29. The FTT gave adequate reasons for not accepting as credible, the evidence of SM.
Ground D
30. The FTT did not fail to consider the Appellant's Facebook. As acknowledged in the grounds, the FTT made reference to this at paragraph 51.4 noting that the Appellant produced in evidence his Facebook homepage, but that he had failed to produce any evidence as to what was on his Facebook account. Therefore the Appellant had not produced evidence that his Facebook account contained anything that would put him at risk if that was inspected when he returned to Iran. The burden of proof is on the Appellant, and he did not discharge the burden. It is apparent that this is why the Appellant's solicitors now wish to make an application to introduce evidence that was not before the FTT. It is not appropriate to consider fresh evidence at an error of law hearing, but if it is thought appropriate, such evidence should form the basis for making a fresh claim for protection to the Respondent.
31. In conclusion, I find that Grounds A, C and D display a disagreement with findings made by the FTT but do not disclose a material error of law. I find that Ground B does disclose an error of law, but for the reasons I have given, it is not material.
Notice of Decision

The decision of the FTT did not involve the making of an error on a point of law such that the decision must be set aside. The appeal is dismissed.

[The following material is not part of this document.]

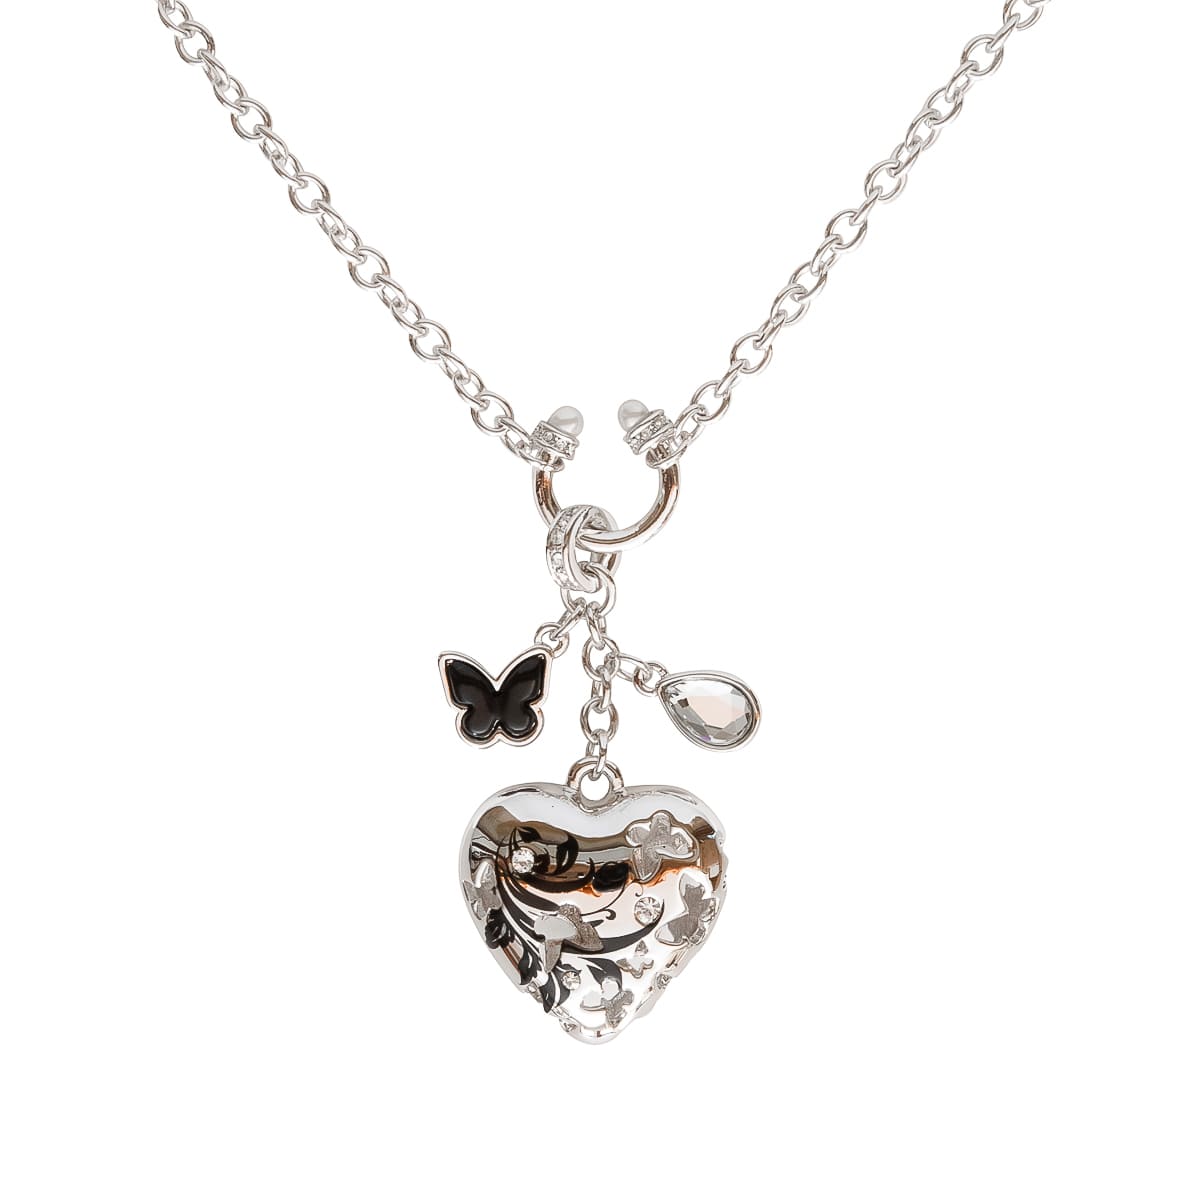 K.V. Fuchs Design Schmuck Damen Halskette in silber mit Schmetterling in schwarz und verzierter Anhänger Herz mit Zirkonia in weiß »K-2917«
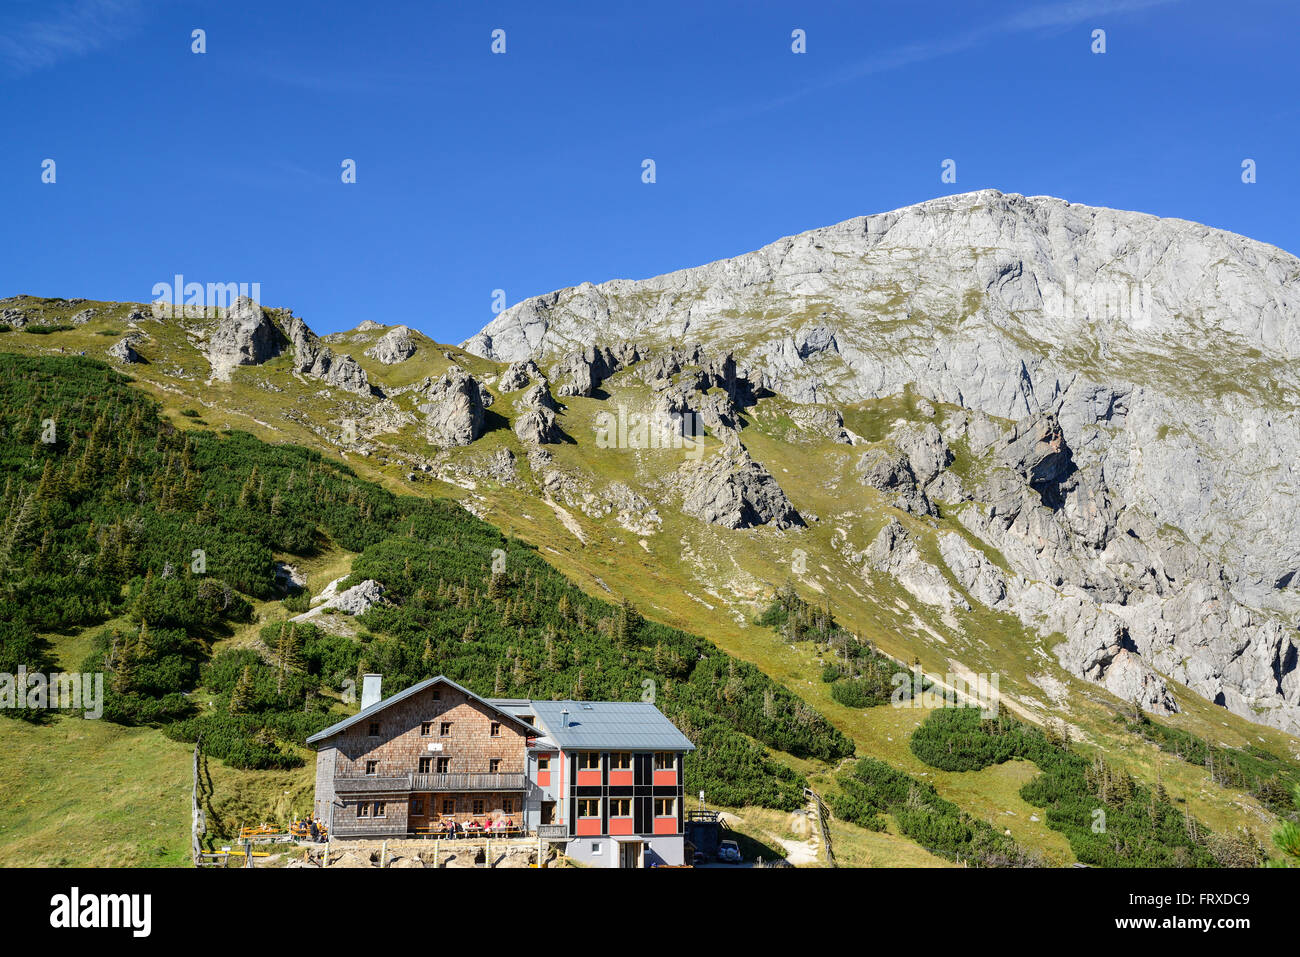 Hut Carl-von-Stahl-Haus en face de Hohes Brett, Torrener Joch, le parc national de Berchtesgaden, Alpes de Berchtesgaden, Upper Bavaria, Bavaria, Germany Banque D'Images

Direction Regarding Anonymity - Rule 14 of the Tribunal Procedure (Upper Tribunal) Rules 2008

The FTT made an anonymity direction. I continue that direction pursuant to rule 14 of the Tribunal Procedure (Upper Tribunal) Rules 2008. Unless and until a Tribunal or court directs otherwise, the Appellant is granted anonymity. No report of these proceedings shall directly or indirectly identify him or any member of his family. This direction applies both to the Appellant and to the Respondent. Failure to comply with this direction could lead to contempt of court proceedings.


Signed Date

Deputy Upper Tribunal Judge M A Hall 5th July 2016




TO THE RESPONDENT
FEE AWARD

As the decision of the FTT stands, so does the decision not to make a fee award.